Given entries section start

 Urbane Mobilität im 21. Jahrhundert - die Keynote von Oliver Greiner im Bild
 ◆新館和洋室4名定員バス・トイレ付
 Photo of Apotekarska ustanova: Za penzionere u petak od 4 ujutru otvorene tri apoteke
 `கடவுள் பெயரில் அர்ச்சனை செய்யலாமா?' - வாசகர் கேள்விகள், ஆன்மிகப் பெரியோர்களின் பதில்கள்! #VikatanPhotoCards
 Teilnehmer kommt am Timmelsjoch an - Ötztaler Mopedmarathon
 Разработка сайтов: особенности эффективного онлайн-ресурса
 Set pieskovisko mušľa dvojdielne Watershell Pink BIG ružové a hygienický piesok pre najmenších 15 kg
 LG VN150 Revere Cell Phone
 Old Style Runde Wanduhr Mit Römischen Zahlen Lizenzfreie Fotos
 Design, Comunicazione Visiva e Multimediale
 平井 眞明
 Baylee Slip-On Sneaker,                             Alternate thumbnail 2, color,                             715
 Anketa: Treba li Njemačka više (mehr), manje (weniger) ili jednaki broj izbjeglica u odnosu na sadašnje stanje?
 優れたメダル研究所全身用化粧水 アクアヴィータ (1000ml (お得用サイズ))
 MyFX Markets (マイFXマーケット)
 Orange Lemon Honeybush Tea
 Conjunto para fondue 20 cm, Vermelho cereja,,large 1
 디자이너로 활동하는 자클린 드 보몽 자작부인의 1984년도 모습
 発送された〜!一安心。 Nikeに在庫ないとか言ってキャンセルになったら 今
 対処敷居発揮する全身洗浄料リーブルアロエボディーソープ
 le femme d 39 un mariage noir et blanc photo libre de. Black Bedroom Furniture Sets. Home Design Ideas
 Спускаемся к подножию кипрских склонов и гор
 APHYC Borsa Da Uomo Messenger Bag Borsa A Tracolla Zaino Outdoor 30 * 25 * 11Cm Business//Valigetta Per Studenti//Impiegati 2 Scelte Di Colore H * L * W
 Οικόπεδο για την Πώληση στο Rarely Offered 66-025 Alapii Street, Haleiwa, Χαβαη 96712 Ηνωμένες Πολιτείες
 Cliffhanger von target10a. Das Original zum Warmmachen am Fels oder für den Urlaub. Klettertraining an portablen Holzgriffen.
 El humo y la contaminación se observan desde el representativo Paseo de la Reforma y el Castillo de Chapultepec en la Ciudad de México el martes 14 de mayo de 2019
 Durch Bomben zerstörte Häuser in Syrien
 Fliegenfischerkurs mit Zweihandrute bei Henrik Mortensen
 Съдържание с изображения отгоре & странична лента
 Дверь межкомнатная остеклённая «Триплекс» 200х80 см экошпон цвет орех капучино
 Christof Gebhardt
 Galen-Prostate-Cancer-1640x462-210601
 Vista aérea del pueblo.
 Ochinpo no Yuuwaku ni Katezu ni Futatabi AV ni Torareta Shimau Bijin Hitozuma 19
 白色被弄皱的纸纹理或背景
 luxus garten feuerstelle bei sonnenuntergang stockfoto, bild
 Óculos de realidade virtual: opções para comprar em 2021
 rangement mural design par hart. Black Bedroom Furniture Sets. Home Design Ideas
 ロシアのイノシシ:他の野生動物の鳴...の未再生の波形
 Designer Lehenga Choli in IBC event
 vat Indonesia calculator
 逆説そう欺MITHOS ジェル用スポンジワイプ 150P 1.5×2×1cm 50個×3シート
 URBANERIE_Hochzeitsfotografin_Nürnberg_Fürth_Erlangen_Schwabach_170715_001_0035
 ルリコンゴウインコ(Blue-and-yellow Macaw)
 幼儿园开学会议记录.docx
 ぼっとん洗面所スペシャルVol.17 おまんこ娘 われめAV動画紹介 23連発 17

Given entries section end

Work task
An exact repeat of the lines from the one containing "APHYC Borsa Da" through the final line above, both included, is the whole answer.

Response below
 APHYC Borsa Da Uomo Messenger Bag Borsa A Tracolla Zaino Outdoor 30 * 25 * 11Cm Business//Valigetta Per Studenti//Impiegati 2 Scelte Di Colore H * L * W
 Οικόπεδο για την Πώληση στο Rarely Offered 66-025 Alapii Street, Haleiwa, Χαβαη 96712 Ηνωμένες Πολιτείες
 Cliffhanger von target10a. Das Original zum Warmmachen am Fels oder für den Urlaub. Klettertraining an portablen Holzgriffen.
 El humo y la contaminación se observan desde el representativo Paseo de la Reforma y el Castillo de Chapultepec en la Ciudad de México el martes 14 de mayo de 2019
 Durch Bomben zerstörte Häuser in Syrien
 Fliegenfischerkurs mit Zweihandrute bei Henrik Mortensen
 Съдържание с изображения отгоре & странична лента
 Дверь межкомнатная остеклённая «Триплекс» 200х80 см экошпон цвет орех капучино
 Christof Gebhardt
 Galen-Prostate-Cancer-1640x462-210601
 Vista aérea del pueblo.
 Ochinpo no Yuuwaku ni Katezu ni Futatabi AV ni Torareta Shimau Bijin Hitozuma 19
 白色被弄皱的纸纹理或背景
 luxus garten feuerstelle bei sonnenuntergang stockfoto, bild
 Óculos de realidade virtual: opções para comprar em 2021
 rangement mural design par hart. Black Bedroom Furniture Sets. Home Design Ideas
 ロシアのイノシシ:他の野生動物の鳴...の未再生の波形
 Designer Lehenga Choli in IBC event
 vat Indonesia calculator
 逆説そう欺MITHOS ジェル用スポンジワイプ 150P 1.5×2×1cm 50個×3シート
 URBANERIE_Hochzeitsfotografin_Nürnberg_Fürth_Erlangen_Schwabach_170715_001_0035
 ルリコンゴウインコ(Blue-and-yellow Macaw)
 幼儿园开学会议记录.docx
 ぼっとん洗面所スペシャルVol.17 おまんこ娘 われめAV動画紹介 23連発 17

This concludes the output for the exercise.